O amor que não é posto à prova é um amor vacilante, assim como é duvidosa a virtude que desconhece o vício. O amor, mais do que sentimento, é compromisso integral com o ser amado. Eu amo Montserrat, apesar do tempo que passou e das modificações impostas por ele.
Quando nos casamos Montse estava alguns quilos acima do peso, o nervosismo causado pelos preparativos das bodas levou-a a comer muito. Há pessoas que buscam atenuar suas angústias comendo, outras bebendo, outras tomando drogas. Minhas inquietações eu sempre aplaquei com sexo, atos vicários praticados com mulheres de programa, algo que me dava uma euforia vazia que me deixava muito infeliz depois.
O acúmulo de adiposidade de Montse, contudo, não parou com a acomodação de nossa rotina de casados.

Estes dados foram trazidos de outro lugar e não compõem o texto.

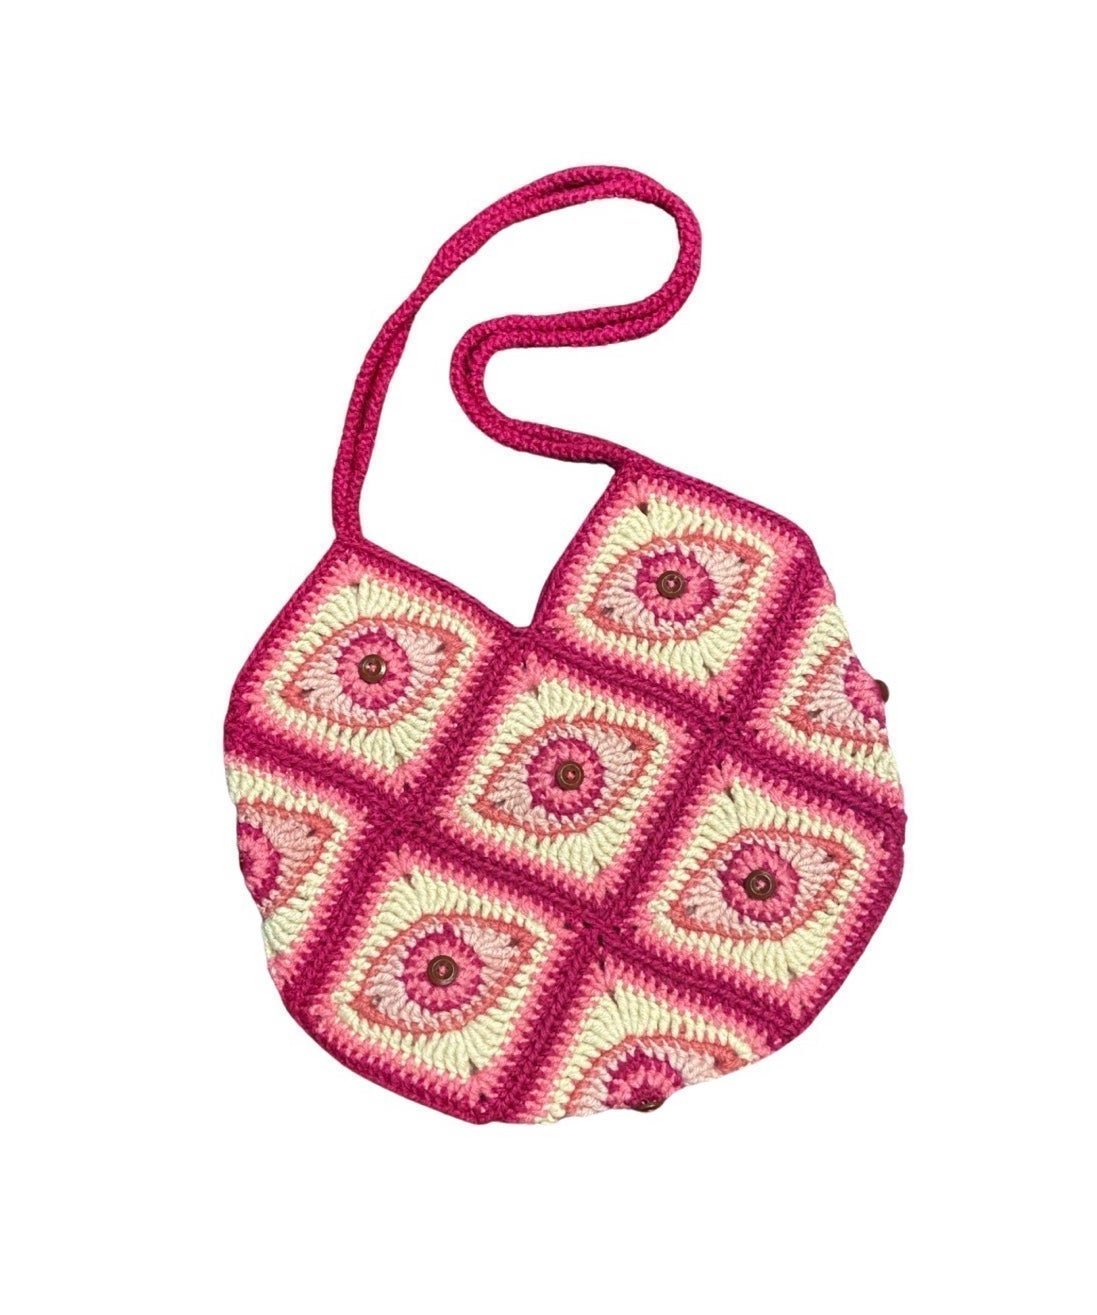 Crochet “Pinkeye” Bag Cxrzyx44C

Em menos de um ano ela havia engordado trinta quilos, suas roupas não cabiam mais, então ela foi a um desses médicos de regime. Foi a primeira de uma série de dietas fracassadas que a vi fazer. Seguiram-se a isso internações em spas, terapias com psicólogos, outras dietas, Montse emagrecia um pouco e acabava engordando tudo de novo e cada vez mais.
Sua capacidade de locomoção acabou sendo afetada e ela não saía mais de nosso apartamento. Eu ainda tentava fazê-la se sentir desejada lhe exibindo ereções e sussurrando em seus ouvidos palavras blandiciosas, não que Montse me despertasse desejo, as ereções eu obtinha artificialmente com aquele remédio, Montse tentava corresponder, talvez percebesse meu esforço e buscasse se esforçar também, o fato é que depois de um tempo acabamos desistindo, sabíamos que era tudo encenação.
Levei o prontuário de Montse a um médico que me disseram ser cobra no assunto, o doutor Heliogábalo. Enquanto folheava o calhamaço ele foi me fazendo perguntas, perguntas aparentemente despropositadas, você tem aflição de papel alumínio?, você joga futebol de botão?, até que disse, sua mulher não tem problema de tireoide, não tem disfunção hormonal, não tem trauma de vida passada, não tem trauma de vida presente, quer saber qual o problema da sua mulher? O único problema? Ela come muito.
Instalei uma câmera escondida no quarto. Montse não conseguia mais sair de lá, as portas de nosso apartamento eram todas estreitas, as janelas também, os apartamentos de hoje são todos umas merdas. Eu queria construir uma cama de alvenaria, a única capaz de aguentar o peso de Montse, mas o síndico não autorizou. Montse então passou a dormir só no colchão. Pus um vaso sanitário de concreto no quarto e uma acompanhante para ajudá-la enquanto eu passava o dia fora, trabalhando.
O que as gravações revelaram confesso que me surpreendeu. Sempre que fazíamos as refeições juntos Montse comia de modo frugal. Mas na minha ausência ingeria o tempo todo quantidades tremendas de doces, salgados, embutidos. Não conseguindo mais sair do quarto, devia dar dinheiro à acompanhante para que ela fosse comprar esses itens todos e depois jogasse as embalagens fora.
Despedi a acompanhante e tirei licença no trabalho. Revistei todo o quarto e coloquei num saco de lixo tudo o que encontrei de comestível. Montse, apesar da aflição de se ver privada de suas reservas calóricas, pareceu conformar-se com minha atitude. Eu estava determinado a resolver de uma vez por todas aquele problema. O amor é um compromisso integral com o ser amado, na riqueza ou na pobreza, na saúde ou na doença, na esbelteza ou na obesidade. Agachei-me para espiar de novo se não havia mais nenhum alimento escondido debaixo do colchão, então Montse se deixou cair sobre mim e me manteve debaixo de seus quase trezentos quilos até eu entrar em óbito por asfixia mecânica. Quando me percebeu inerte, levantou-se, pegou o saco de guloseimas e foi se sentar. Ficou ali, sentada no vaso sanitário de concreto, devorando marzipãs e olhando para o meu cadáver.